With both state and national experience, Harris was one of the most qualified candidates on Biden’s shortlist — serving as a formidable primary rival, high-profile endorser, and reliable surrogate for his campaign.

Speculation that Harris might be Biden’s choice intensified late last month after the Associated Press captured images of Biden’s notes with Harris’ name scrawled above a set of talking points.

“Harris knows the Black American experience,” Neil Makhija, executive director of the Indian American Impact Fund, wrote in a CNN op-ed on Aug. 3. “She knows the South Asian American experience. She knows the immigrant experience. She knows the aspirational power of the American dream.

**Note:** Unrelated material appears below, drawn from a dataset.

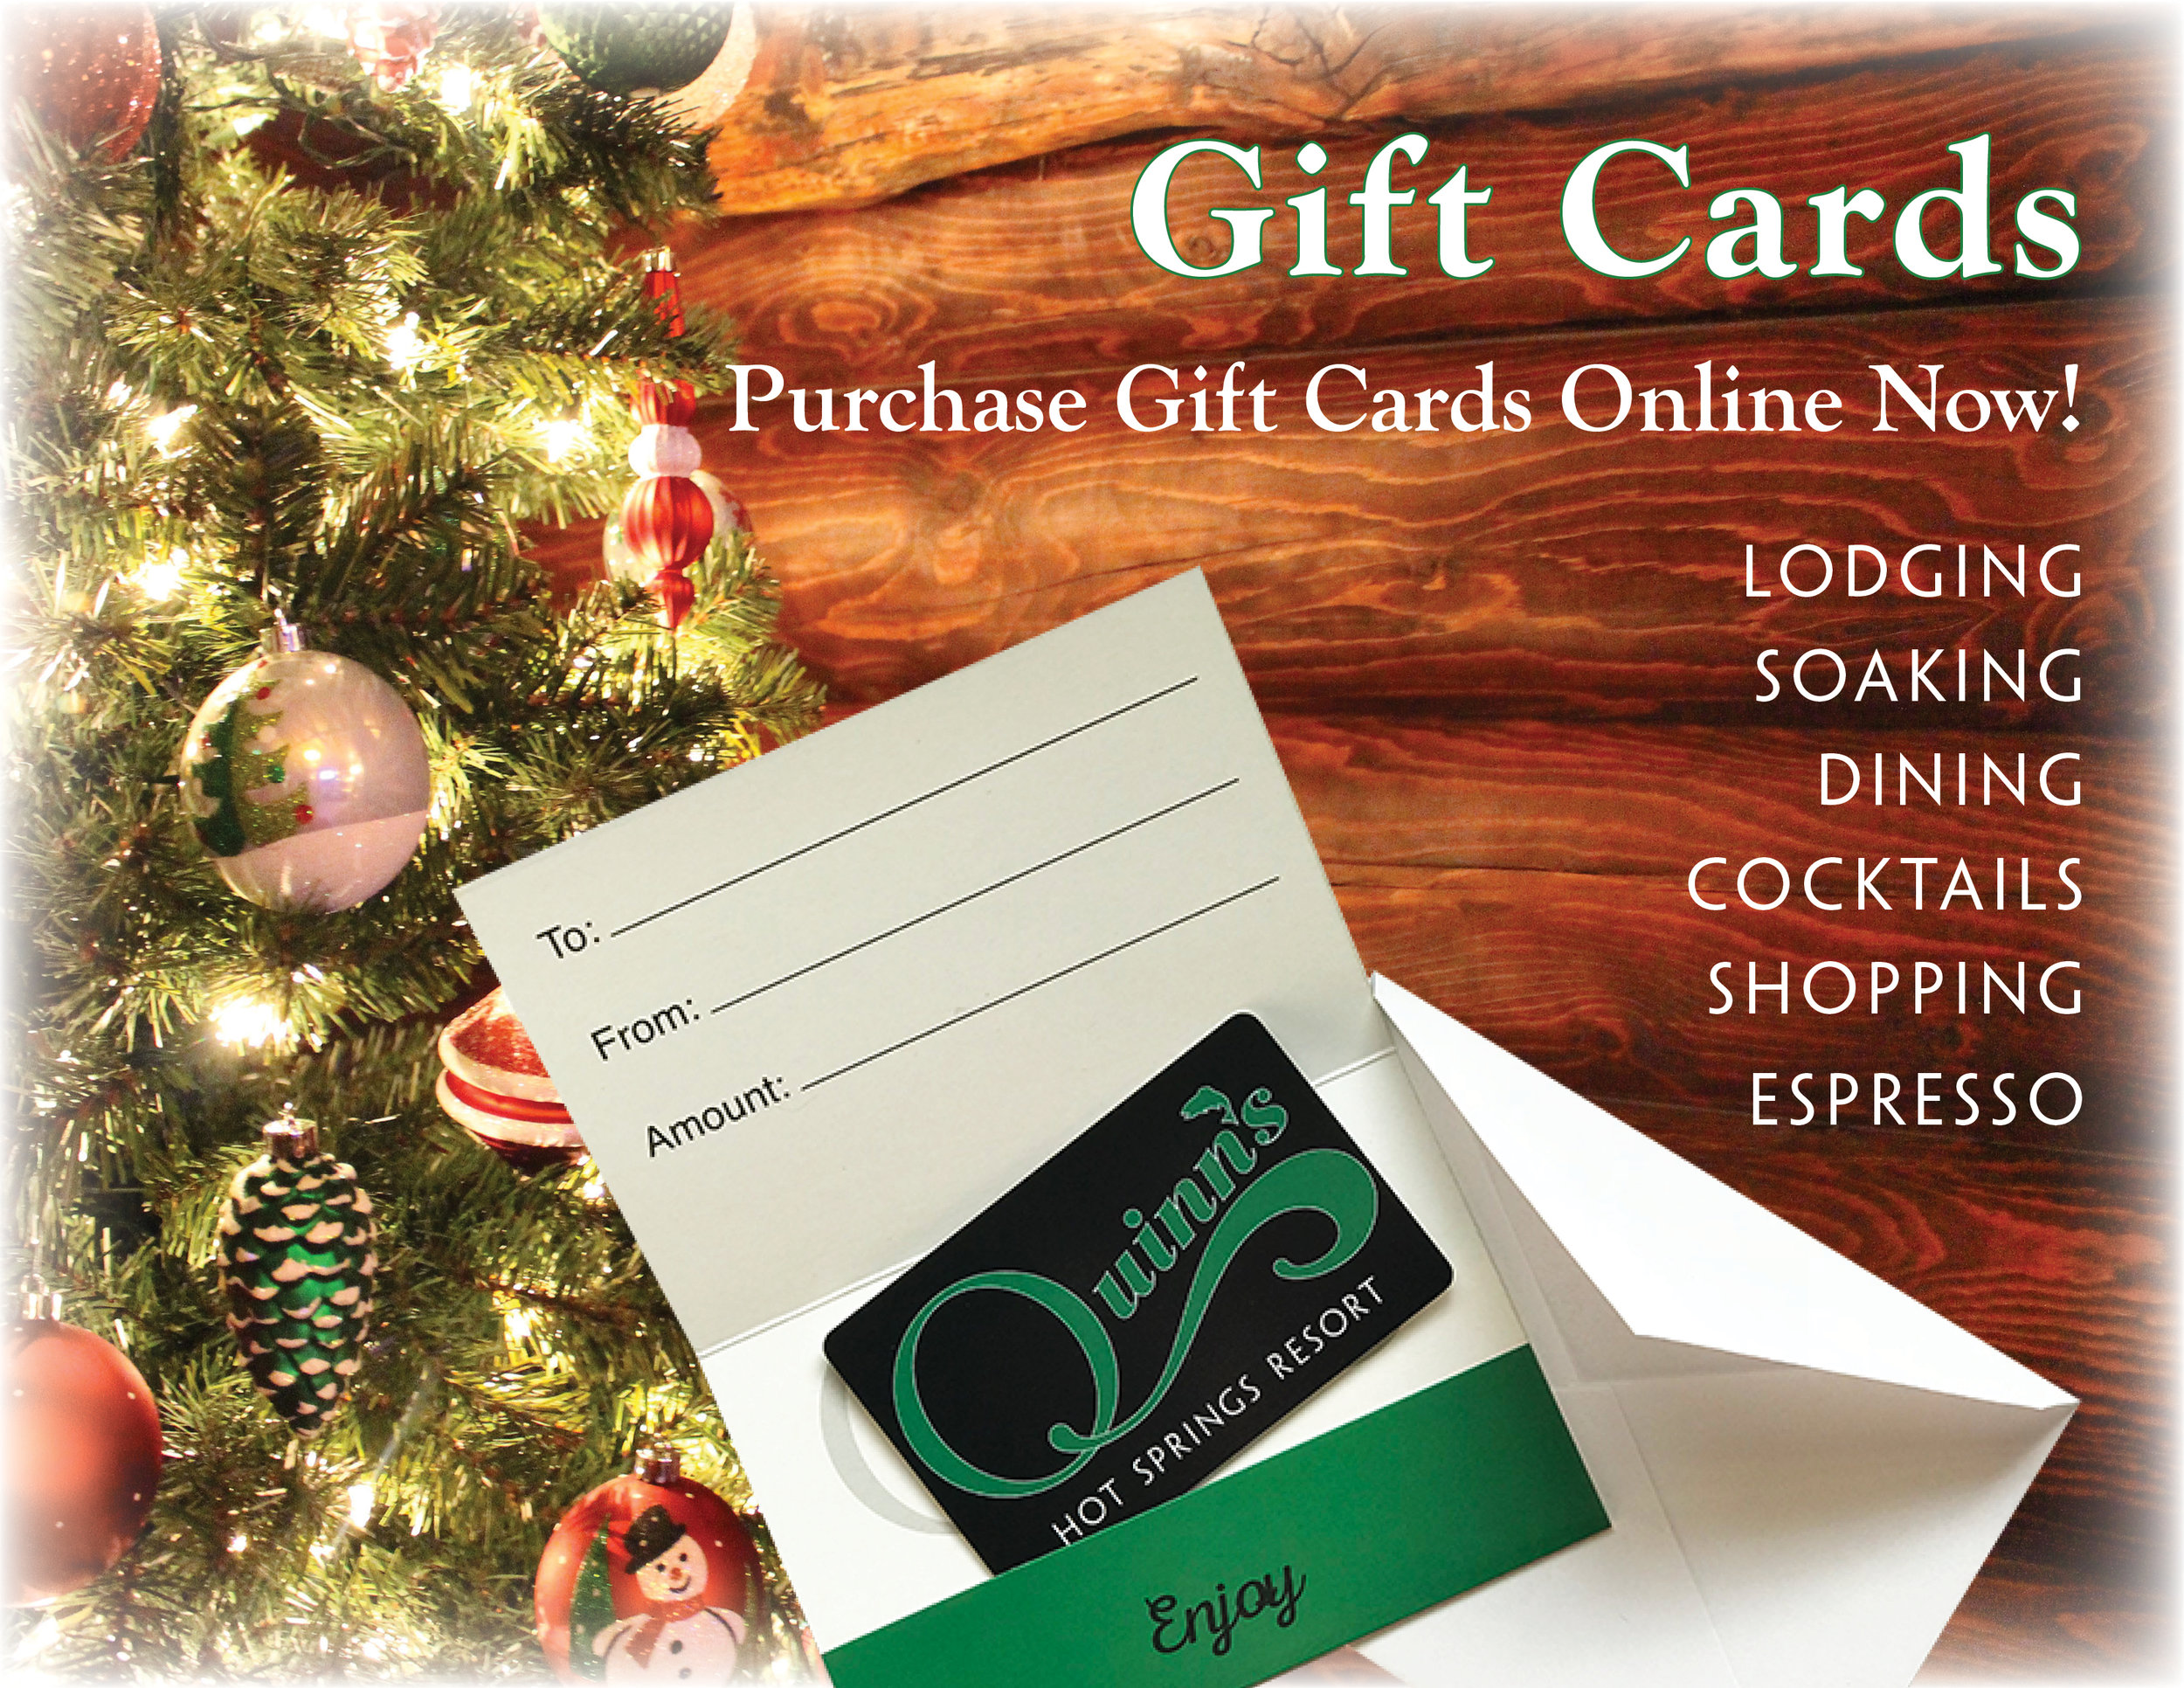 Gift Cards Image Online.jpg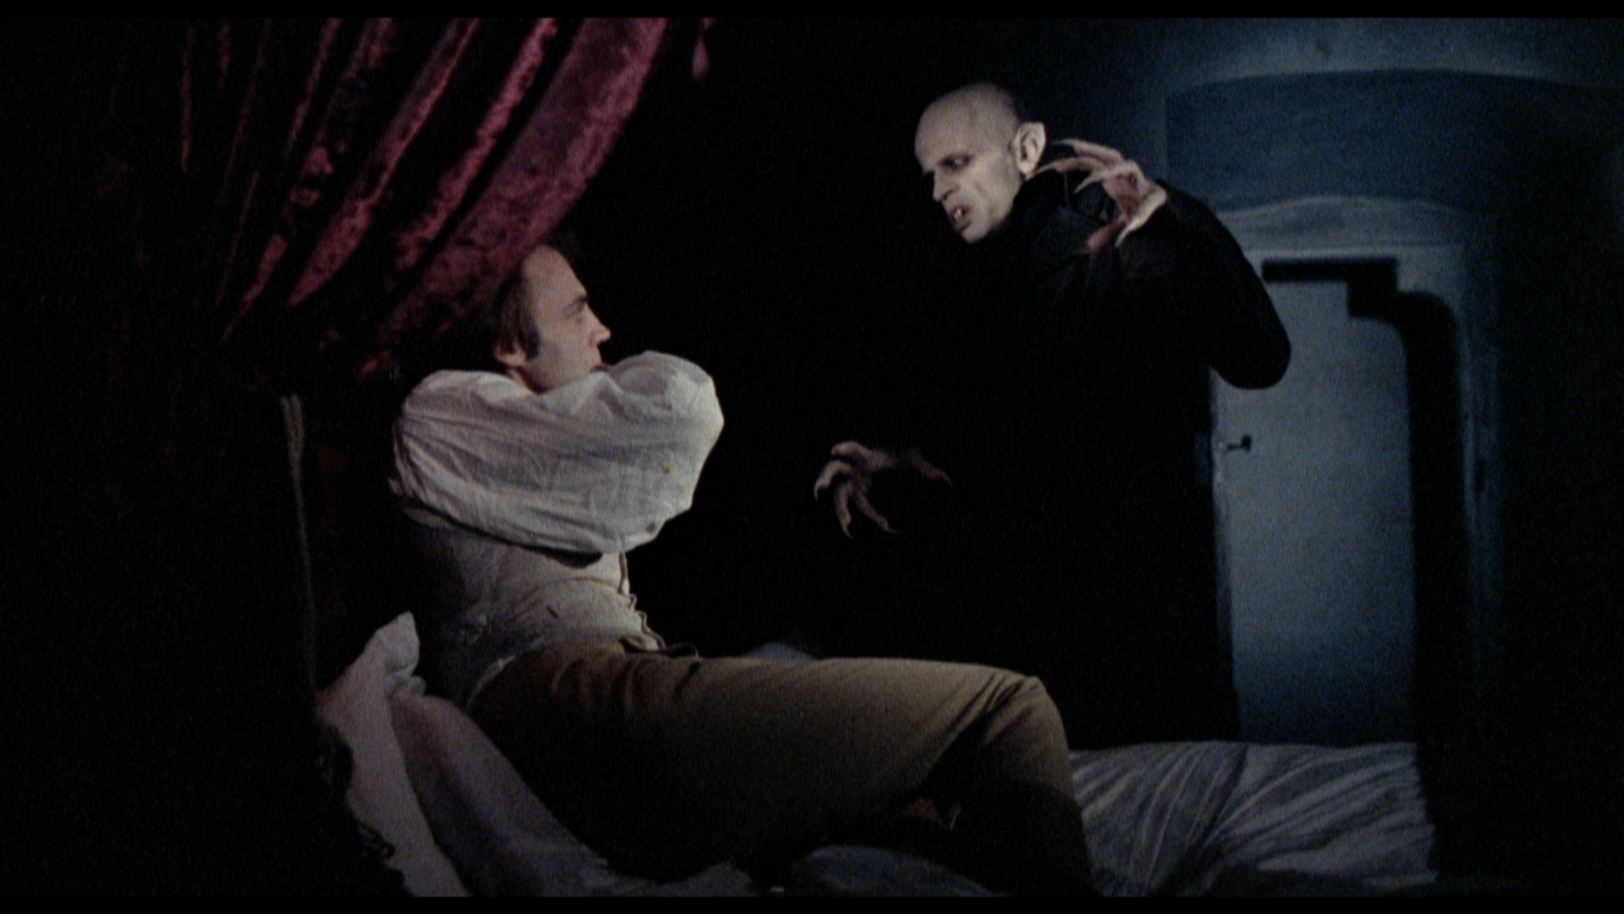 nosferatu essay Nosferatu nosferatu based on the film by f w murnau nasfer2 (dracula)   after the atlantic piece, his essays and poetry received national acclaim.

She is the running mate for this moment.”

AAPI issues on the campaign trail

As a top contender for the Democratic nomination in the 2020 election cycle, Harris was one of the only presidential hopefuls to roll out a detailed plan catering to Asian Americans and Pacific Islanders.

Among her proposals for the AAPI community, Harris called for executive action to protect DACA recipients, the dismantling of language barriers, the revision of federal data collection to include ethnicity, and the creation of a $12 billion capital grant and technical support program to assist AAPI small businesses.

Harris also sought to highlight NHPI issues during her primary campaign, albeit briefly. In a November 2019 document reviewed by The Yappie, the California senator wrote that “federal policies and programs must carefully consider the unique circumstances of Native Hawaiians and Pacific Islanders,” and that federal agencies should develop action plans “to advance civil rights and educational and health equity” for NHPI communities.

Anti-Asian hate

Harris has become increasingly vocal as hate incidents and violence targeting Asian Americans continue to surge during the COVID-19 pandemic.

AAPI advocacy groups and researchers have received more than 2,400 individual reports of coronavirus-related harassment and discrimination since late February, with incidents ranging from verbal harassment to vandalism to physical assault.

The FBI warned of a potential surge in anti-Asian hate crimes in a March intelligence report, which cited the stabbing of a Hmong American family in Midland, Texas. Ugliness reared its head last month when an 89-year-old Chinese American woman was slapped in the face and had her shirt set on fire in New York City.

In May, Harris introduced a Senate resolution that condemned “all forms of Anti-Asian sentiment as related to COVID-19” and slammed President Trump’s use of racist rhetoric on the campaign trail, warning in an Asian Journal op-ed that terms such as the “Chinese virus” have “recklessly put members of the AAPI community at risk.”

Harris also denounced the rise in anti-Asian violence at the AAPI Victory Fund’s AAPI Progressive Summit and on the Los Angeles TimesAsian Enough podcast.

“Hate crime is not new […] What is tragic is that it’s not ending,” Harris told hosts Frank Shyong and Jen Yamato. “There needs to be serious investigation of these cases, meaning that when someone reports it, they must be taken seriously, they must be given dignity through the process.”

What’s next

Harris is scheduled to address party activists at the entirely virtual Democratic National Convention next Thursday, the DNCC tells The Yappie.

Meanwhile, speculation has already begun on who California Gov. Gavin Newsom (D) might appoint to fill Harris’ U.S. Senate seat in the event that Democrats win the White House. Prominent AAPI figures like Rep. Ro Khanna, state Controller Betty Yee, and state Treasurer Fiona Ma are potential options.